There are small pieces of what's wrong with the movie scattered throughout the early portions, but it takes awhile for it all the set in. The first few glimpses into a post-apocalyptic society are always fun for me, seeing how they molded a ruined world to survive, what society is like, and so on. In this world, there is Neutral City, a hovel of collapsed buildings and wind turbines at the edge of the sentient forest. Its dwellers keep the peace with the forest and the forest grants them water in exchange. If the members violate the agreement, the Zruids of the forest take away their water (And because it's the future, they can't just call them druids). We never get clarification of what exactly the Zruids are. Sentient plants molded to look like people?  People who allowed themselves to be altered by the forest? More on human/plant hybrids later.

Neutral City wouldn't be very neutral if there wasn't a force that was less so. The village keeps the forest divided from the industrial state of Ragna, which is an orgy of everything hated in these environmental message movies. Billowing towers of coal smoke, an aesthetic design of pipe mazes and steel, and a militaristic society bent on taking back control of the world by force. A curious detail is every scene that takes place in Ragna's giant halls features hundreds of troops on standby and until very late in the movie, they never do anything. Is it literally their job to clock in and stand in the middle of the room for eight hours in case they're needed for something?

Anyhoo, the main story starts with Agito of Neutral City being the average rapscallion of most anime adventures as he and his best friend Cain race to sneak water from the well without anyone noticing set to a jaunty orchestral score. The effort fails as they're noticed by the Zruids, but during his effort to escape, Agito stumbles into a cryogenic sleeping chamber where he awakens Toola, a girl who lived well before the disaster. The forest believes her revival will mean for disaster for the world, but Ragna-and especially their leader Shunack-believe she is the key to getting back the lost world of the past. Agito only wishes to do whatever he can to protect Toola. As for what Toola wants? She wants whatever the plots decides she wants. This sets in motion the usual action and adventure in which the fate of the world is in jeopardy. To approximate what they're going for here, imagine if you smooshed Laputa: Castle in the Sky and Princess Mononoke together, and then took out all the character and had some of the color leak out.

I've heard whispers about how infamously bad this movie was, but the sad thing is its biggest fault is the most common of all bad things: It's crushingly derivative. Aside from Gonzo's usual problem of its 3D CGI sticking out horribly against its 2D surroundings, there's nothing technically wrong with the animation, but there's absolutely no artistry to it. The only original dressing this movie has to add to a post-apocalyptic landscape is red vines that exist under the forest that resembles brain matter. A nice touch, but it hardly makes it up for the rest of the plainness. The character designs utilize the bright, solid colors of studio Ghibli, but are otherwise unmemorable. When a movie has a skyline of a shattered moon as well as eventually features a floating volcano fortress armed to the teeth, and it's still the definition of bland, not enough effort was made.

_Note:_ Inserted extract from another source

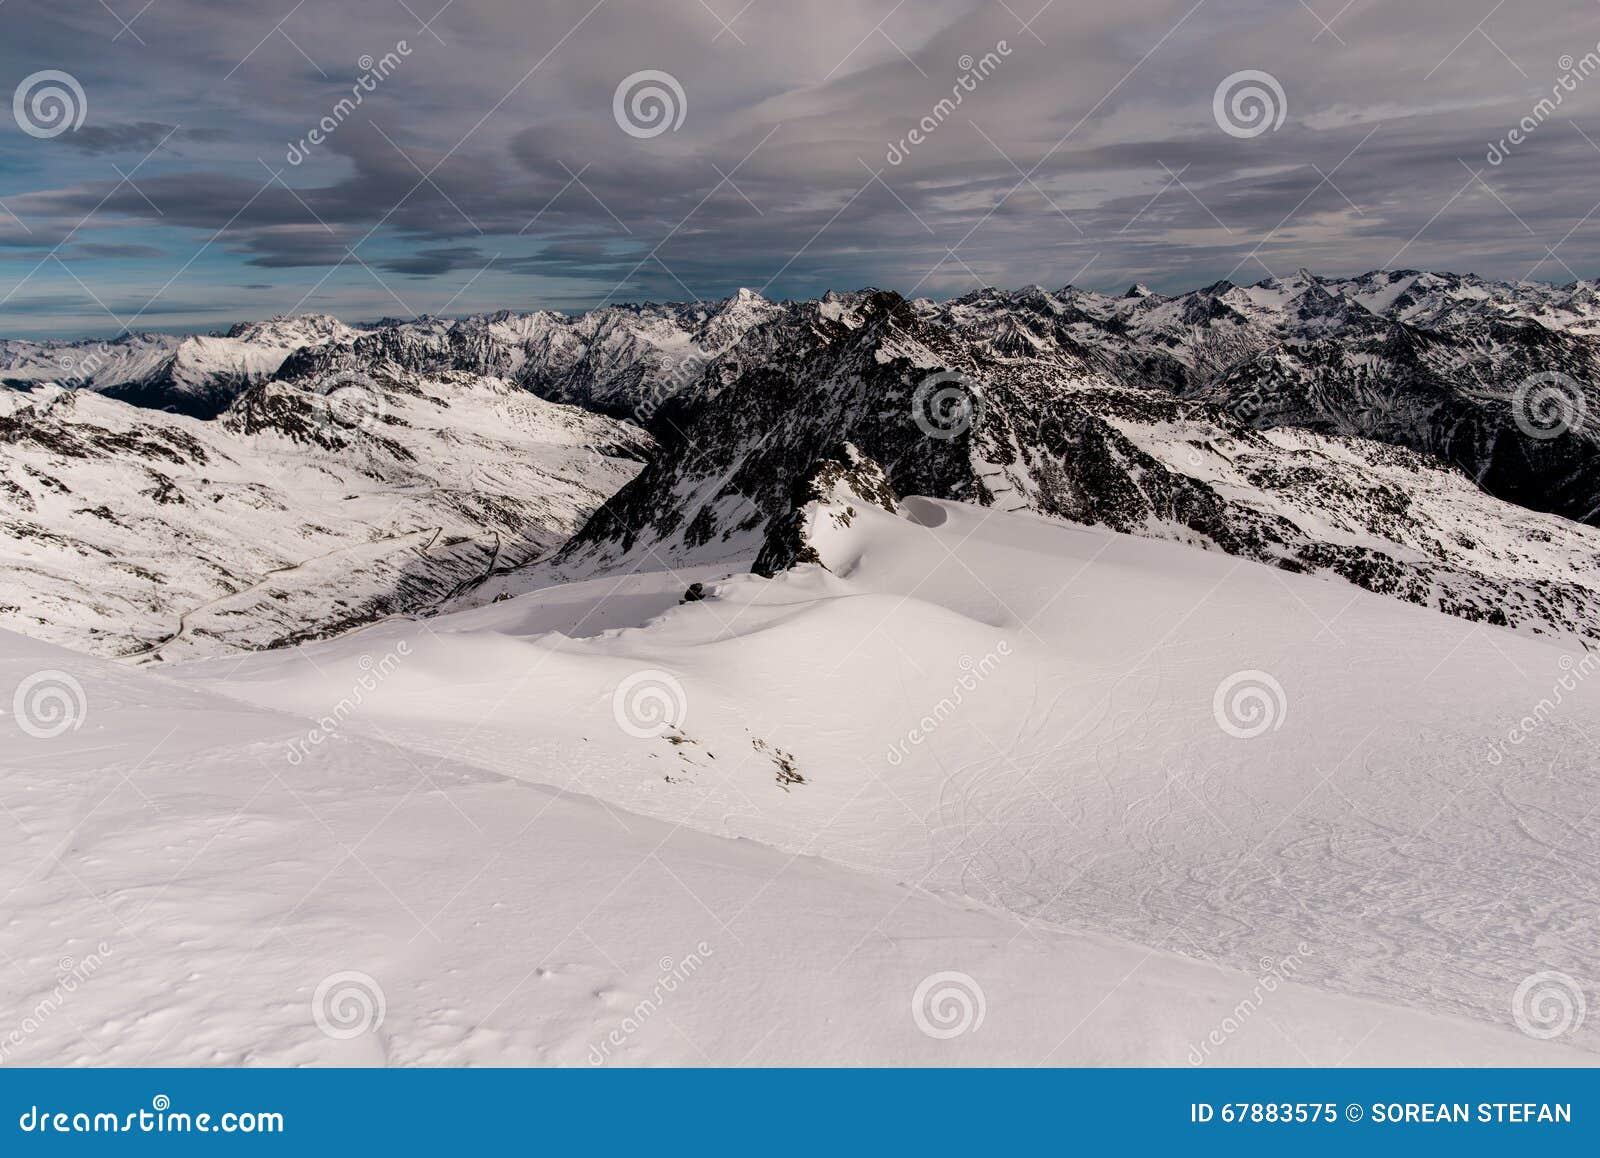 阿尔卑斯hochries山景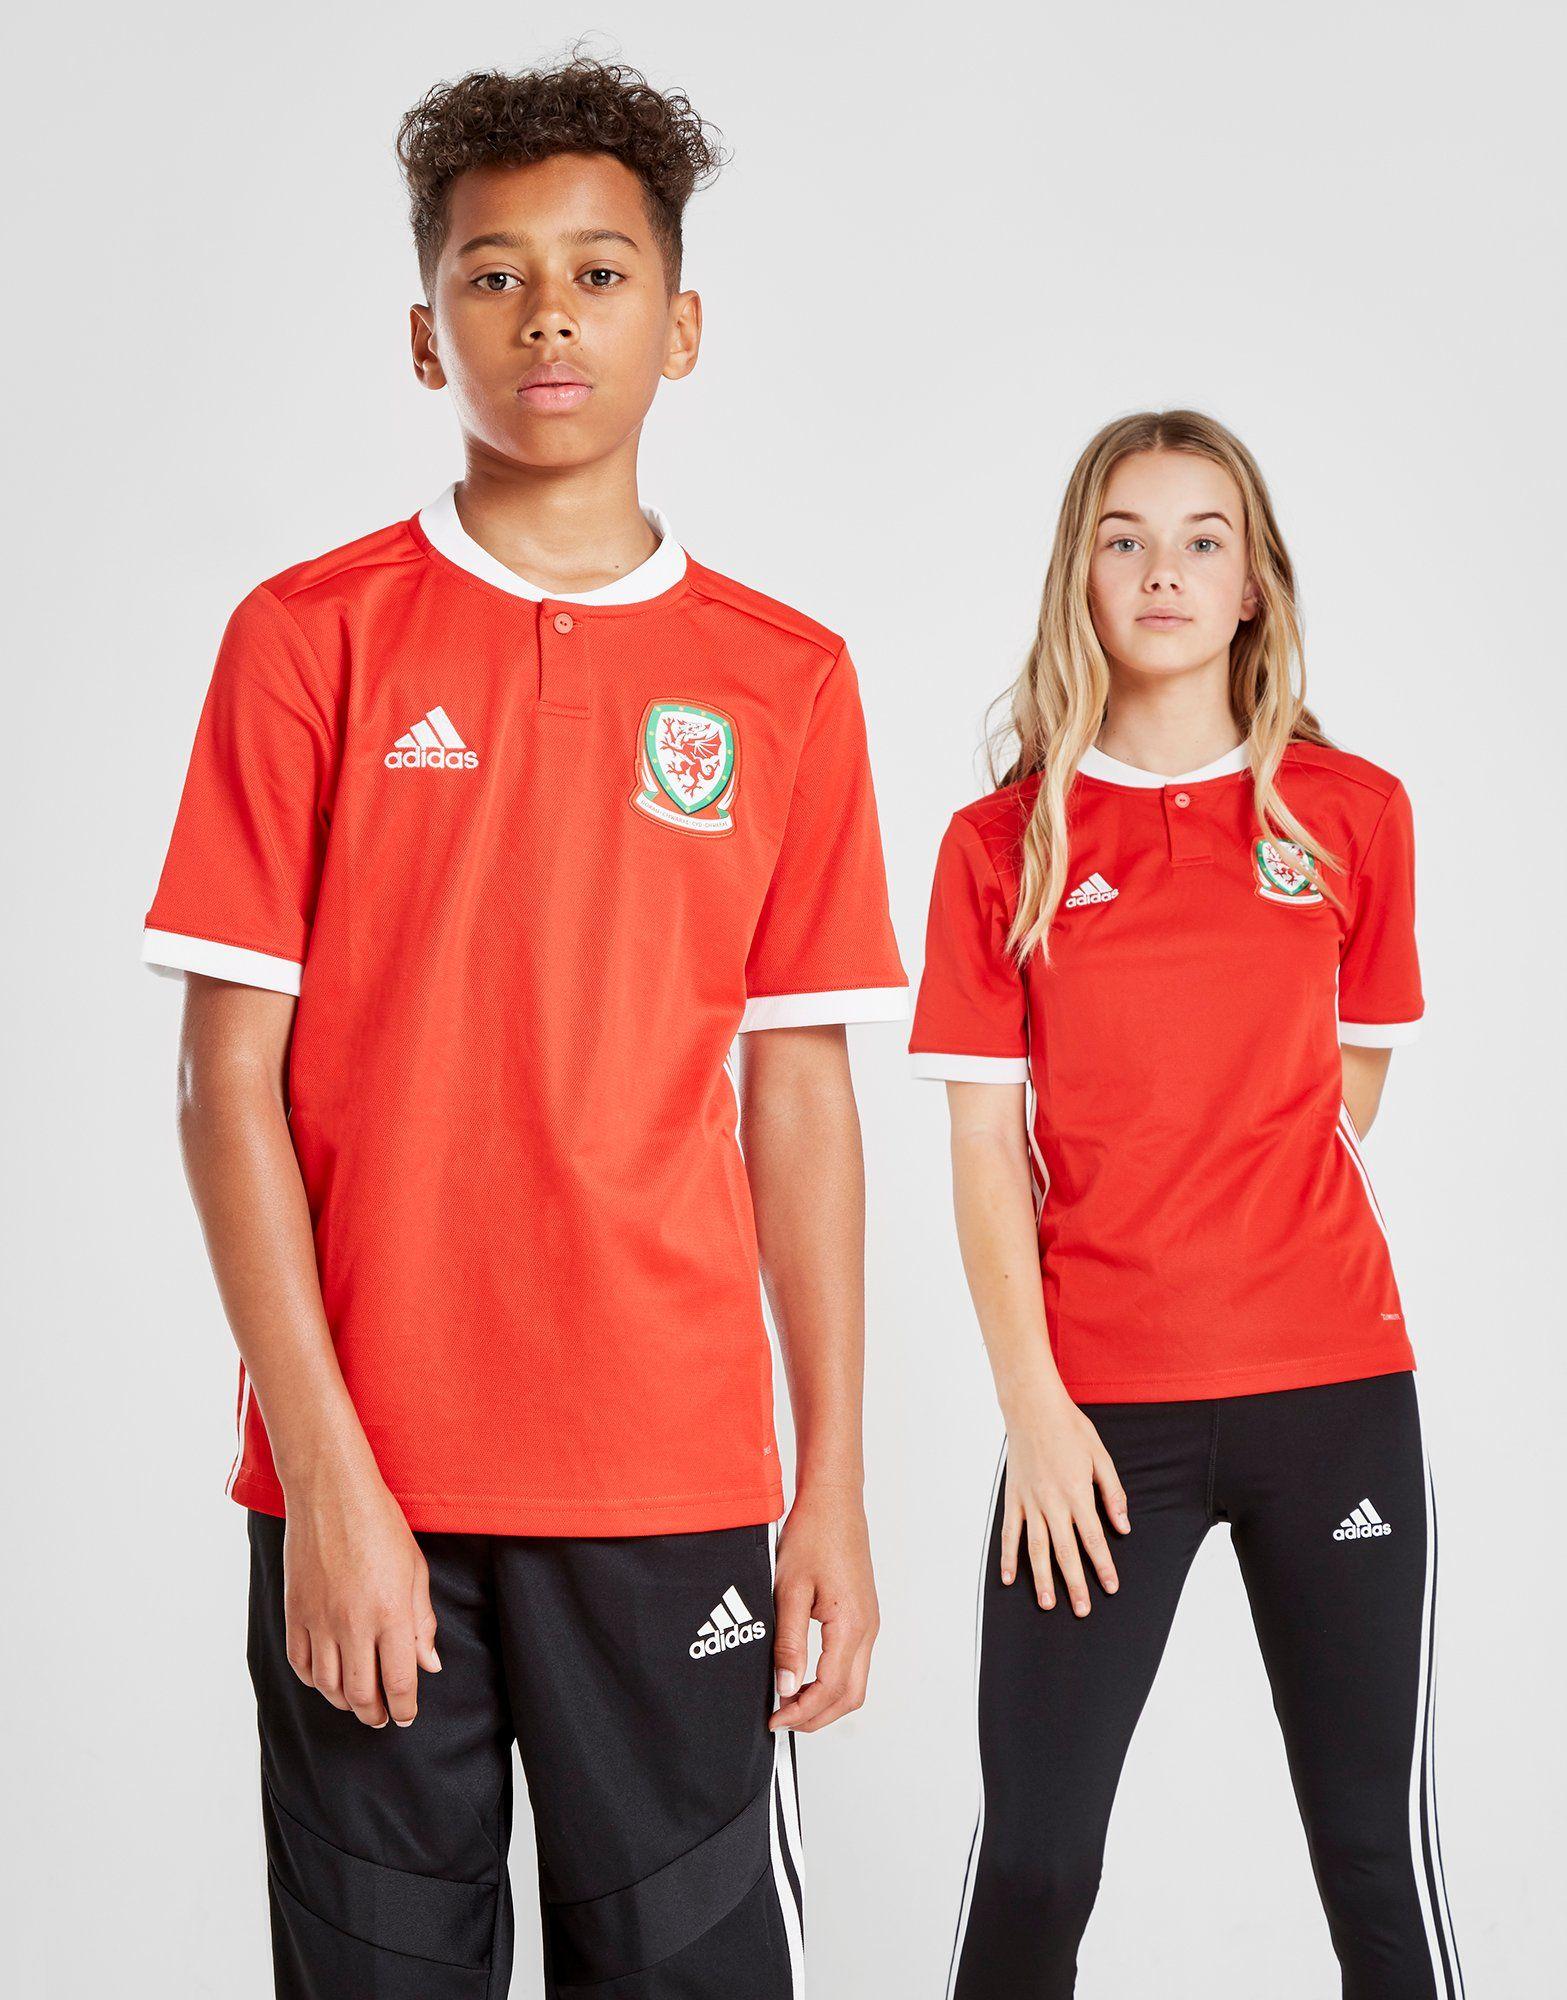 adidas Galles 2017/18 Home Shirt Junior

The characters also have a severe lack of any texture that defines them as people. While the plot doesn't specifically need to rip off the usual headstrong female protagonist of a Miyazaki movie to work, Toola has almost no defining characteristics as a human being. She bends to whatever
the character she's listening to is arguing for, and she wants to hold onto the past world even though she never really has any thoughts of what her world was like before her cryogenic sleep aside from a brief and banal flashback to the day of the disaster. If she was in New York City on 9/11, the beginning and end of the story would be, "I was shopping." Remember in Spirited Away when Sen sits down and has a rice ball, and because it's first quiet moment she's had since she got transported to the spirit world, the emotional realization of everything that's happened hits her like a ton of bricks and she bawls her eyes out. Do not expect such thoughtful character details from this. Toola just has a device called a Raban around her neck as a symbol of her past. No points for guessing what eventually happens to it.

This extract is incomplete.